Завершив таким образом все свои приготовления, Дон Кихот не захотел больше сидеть на месте, и решил тут же приняться за приведение в жизнь своего замысла, сочтя, что всякое промедление с его реализацией самым пагубным образом отразится на ждущем его подвигов человечестве, ведь, полагал он, время не ждёт, сколько в мире зла, которое нужно искоренить, сколько кривды, которую нужно выпрямить, сколько несправедливости в мире ждёт исправления, сколько обид требуют его вмешательства, чтобы загладить их. И так, не раскрывая никому своего намерения и тогда, когда никто не мог видеть его, однажды утром того июльского дня, который обещал быть одним из самых жарких месяцев лета, он нацепил все свои доспехи, захватил все свои орудия, поднялся и залез на Росинанта, кое-как приладил свой новый шлем к голове, поднял щит, схватил копьё, и через задние ворота скотного двора выехал в поле, полный волнительного счастья и чарующего воодушевления, горя восторгом, чтобы побыстрее увидеть, как легко удалось дать начало этому величественному доброму намеренью.

Но едва он осознал себя стоящим посреди поля, как на него обрушилась страшная мысль, и такая страшная, что он впал в испарину и уже стал подумывать прекратить своё начинание и отступить, и надо сказать, вот по какой причине: он вдруг вспомнил, что не посвящён в рыцари, и что, по рыцарским законам, он не мог и не должен был брать в руки любое оружие, потому что не имеет права вступать в схватку с любым посвящённым рыцарем, и пока он был новобранцем, он обязан был носить белое оружие, пока его доблесть не позволит ему снискать статус рыцаря и завоевать девиз на щите. Эти мысли заставили его заколебаться и усомниться в правильности принятого решения, и он уже хотел было повернуть назад, но, возможно, безумие больше, чем какая-либо другая причина, подтолкнуло его к мысли, что в рыцари его может посвятить в подражание многим рыцарям, о коих он читал в книгах и которые поступали так, первый попавшийся на его пути встречный-поперечный, тот, кто с ним первый столкнётся, и всё это – подражая многим другим рыцарям, которые сделали это, по его словам, и о чём он читал в книгах, которые у него были. Что же касается оружия и доспехов, то он намеревался надраить их таким образом, чтобы они были белее доспехов Арминия, и на этом успокоился и продолжил свой путь, не имея другого направления, кроме того, которым трусил его конь, полагая, что в этом и состоит сила Провидения на пути к самым лучшим приключениям.

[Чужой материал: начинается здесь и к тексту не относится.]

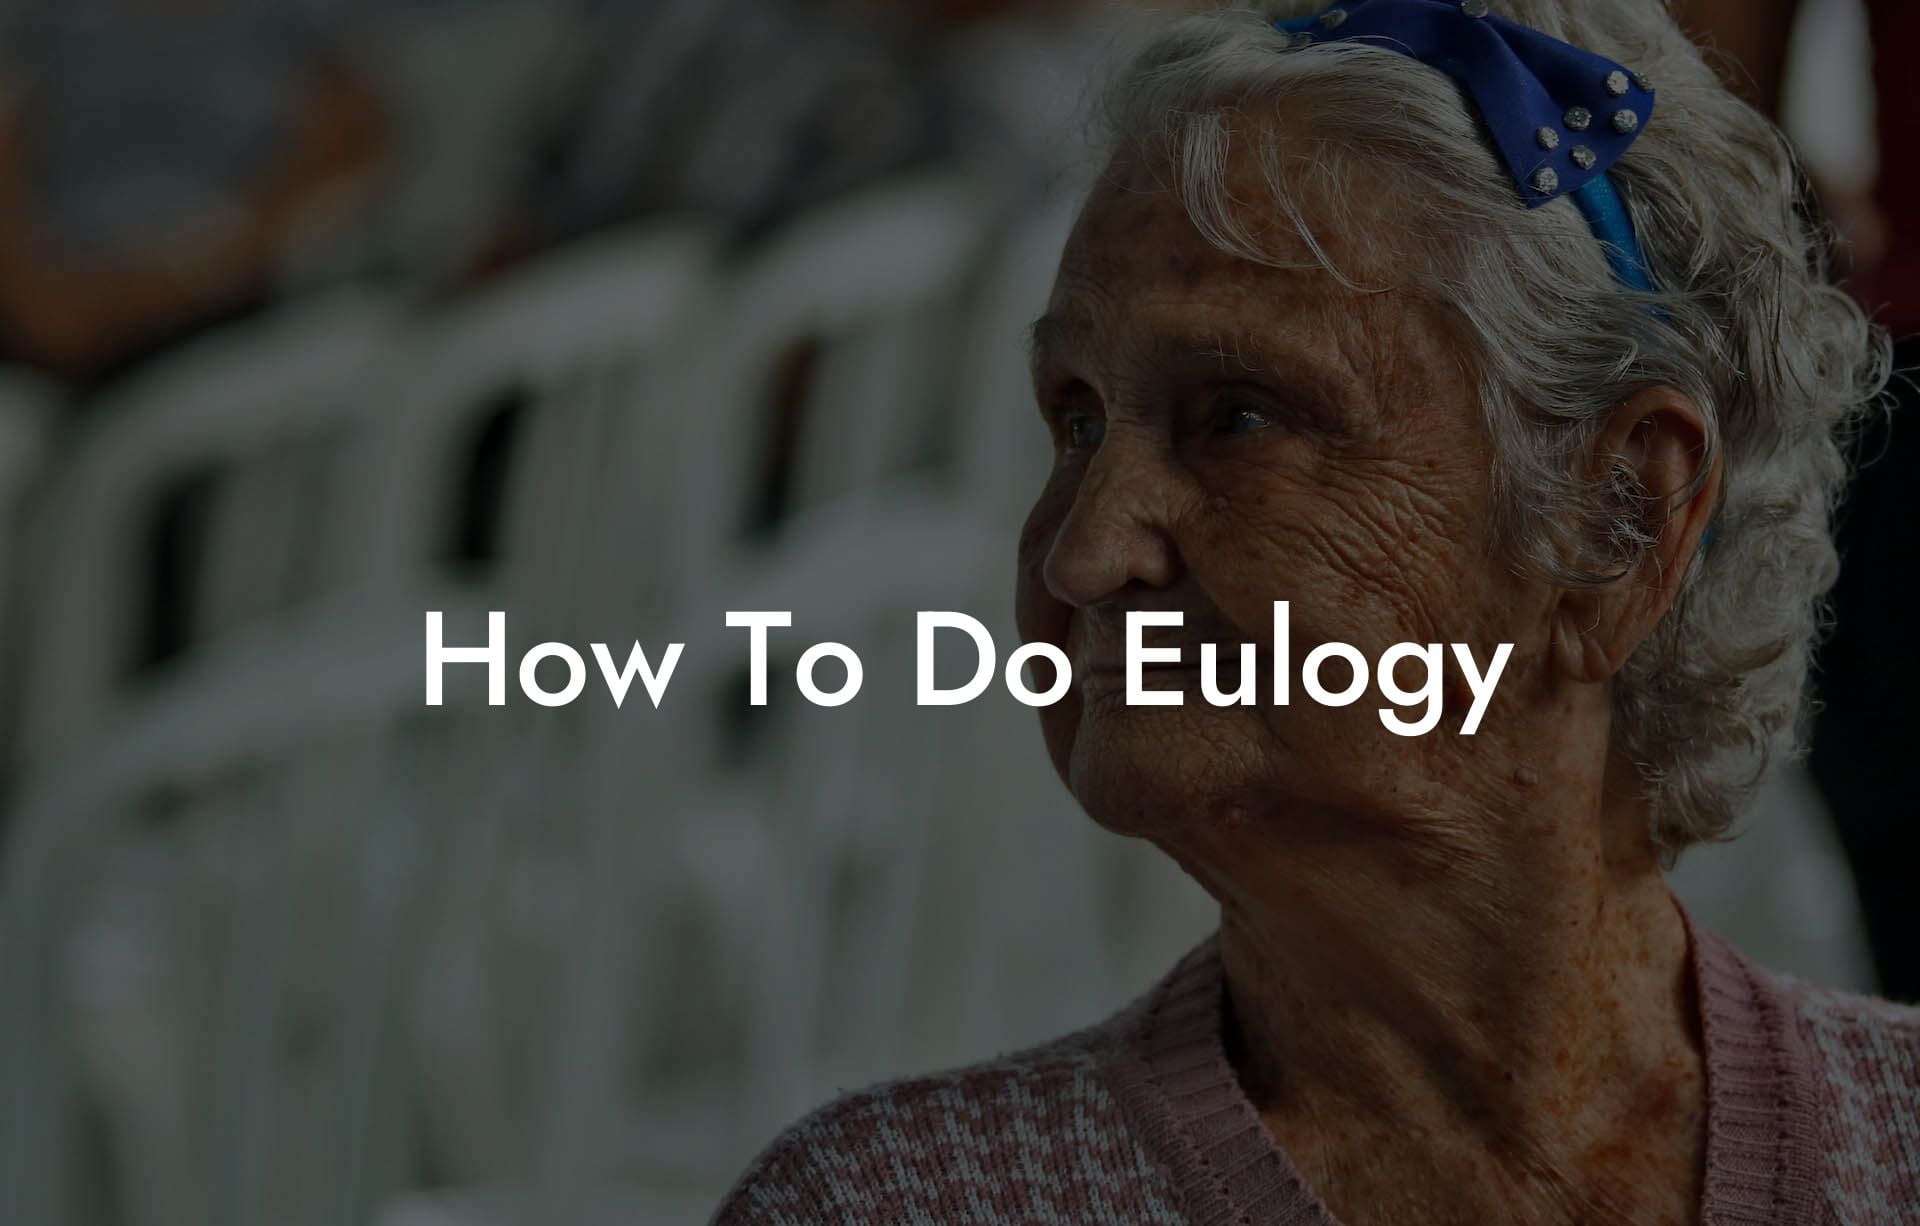 How To Do Eulogy

И вот, труся по полю, наш новый авантюрист, при этом беседовал сам собой:

– Кто бы сомневался, но в грядущие времена, когда моя славная история выйдет на свет, и истинная история моих знаменитых деяний станет известной миру, то мудрец, который их опишет, дойдя до места, когда я буду рассказывать про этот мой первый славный выход, он скорее всего будет описывать его так:

«Едва только златовласый Феб распустил на лице широкой и просторной земли золотые кудри своих прекрасных волос, едва малюсенькие, ярко окрашенные птички своими ангелоподобными, сладкими, гармоничными трелями приветствовали пришествие розовопёрстой Авроры, которая, оставив мягкое ложе своего ревнивого супруга, распахнула врата и окна высокого Ламанчского горизонта и обратила взор на проснувшихся смертных, когда знаменитый рыцарь Дон Кихот-Де-Ла-Манча, оставив в покое пух и перья мягчайшей своей перины, вскочил на знаменитого коня своего Росинанта и тронулся в долгий путь по древней, славной Монтиэльской равнине…»

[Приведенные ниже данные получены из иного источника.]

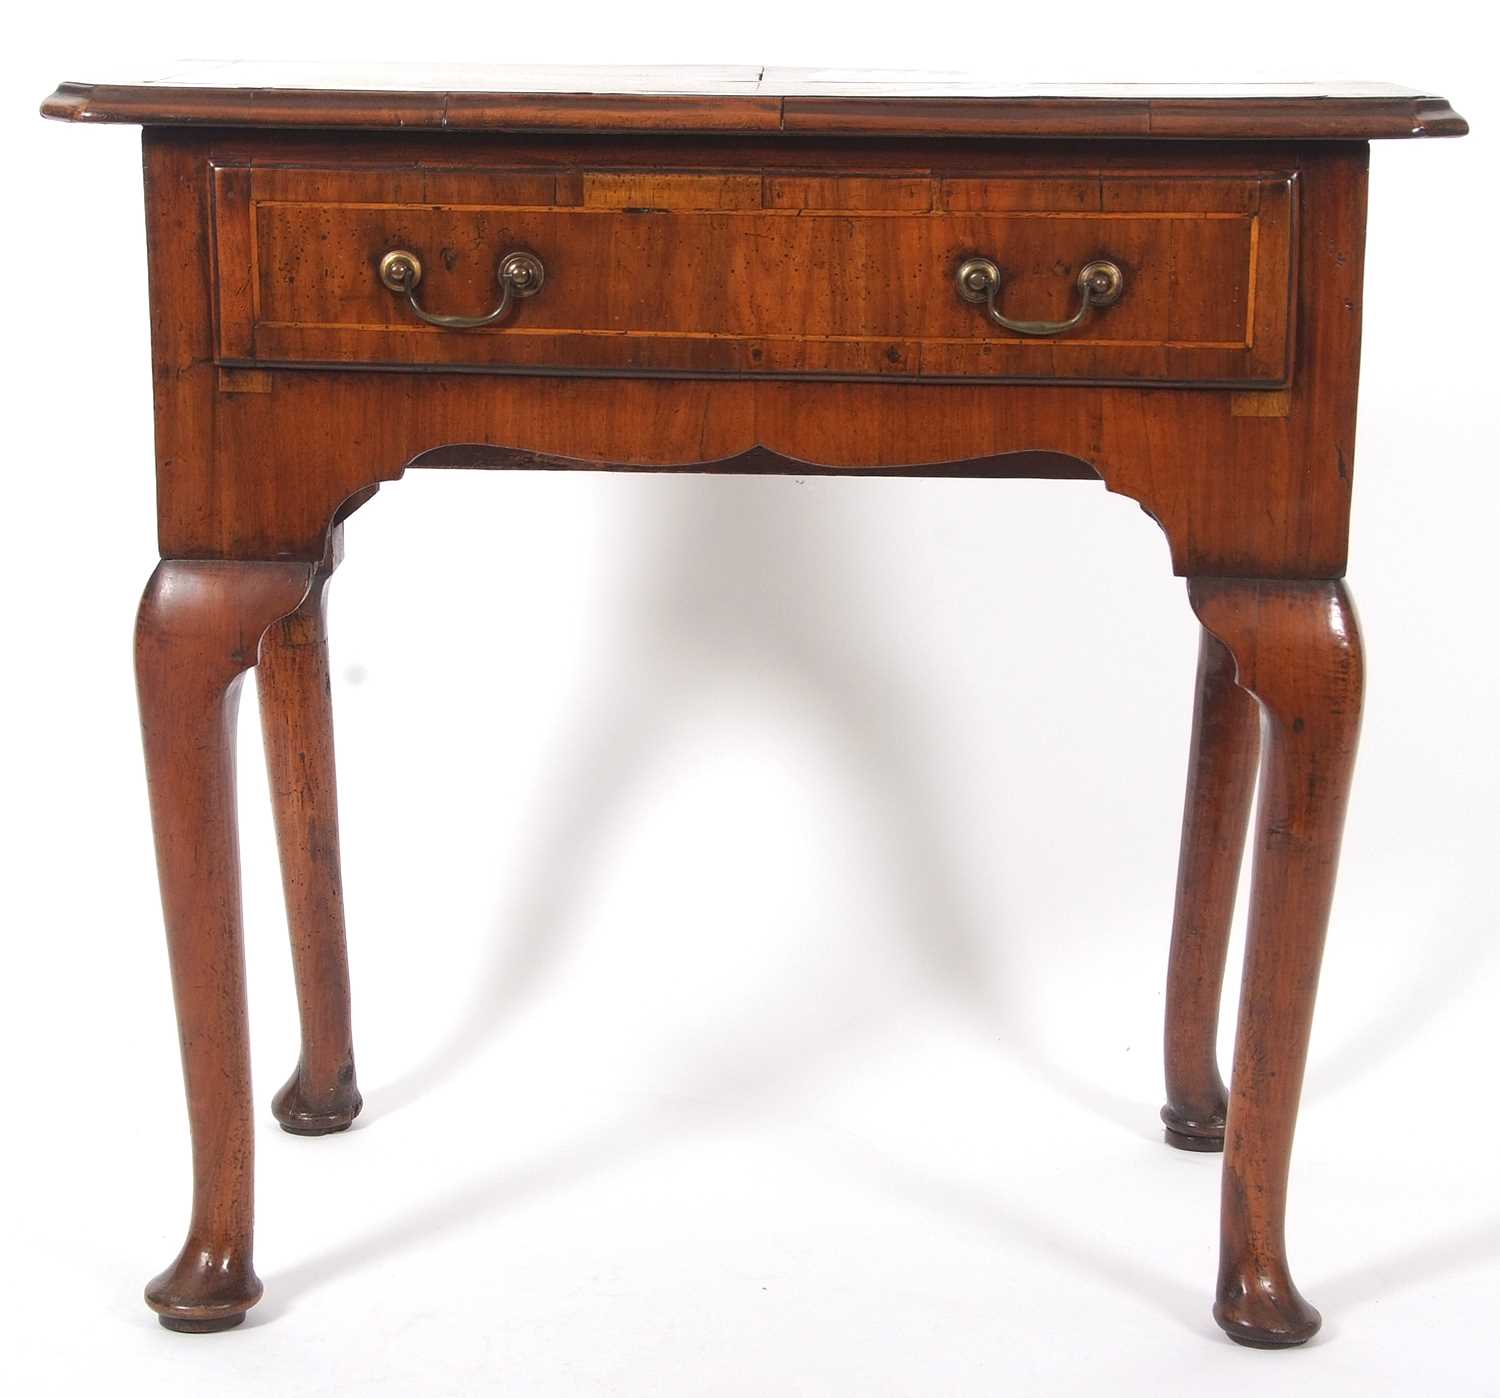 An early 18th Century walnut low boy, the top with quartered veneers and canted front corners over a - Image 8 of 10

Тут Дон Кихот не соврал – он ехал именно по этой приснопамятной долине.

И надо добавить, что он ехал, и продолжал бормотать при этом себе под нос:

– Блажен тот век и вечно блажен тот, кому выпадет описывать по порядку все мои божественные и воистину достославные подвиги и деяния, достойные того, чтобы быть воспетыми в поэмах слух и изображёнными на полотнах и вычеканенными в мраморе в будущем в назидание благодарным потомкам. О, ты, прекрасный волшебник, кто бы ты ни был, тот, кому выпадет лицезреть и описывать невиданные мои подвиги и приключения, об одном молю тебя, что ценится выше золота этого мира! Не забудь, верного моего Росинанта, сосед, который был со мной во всех моих переделках и на всех моих дорогах, где бы я ни был!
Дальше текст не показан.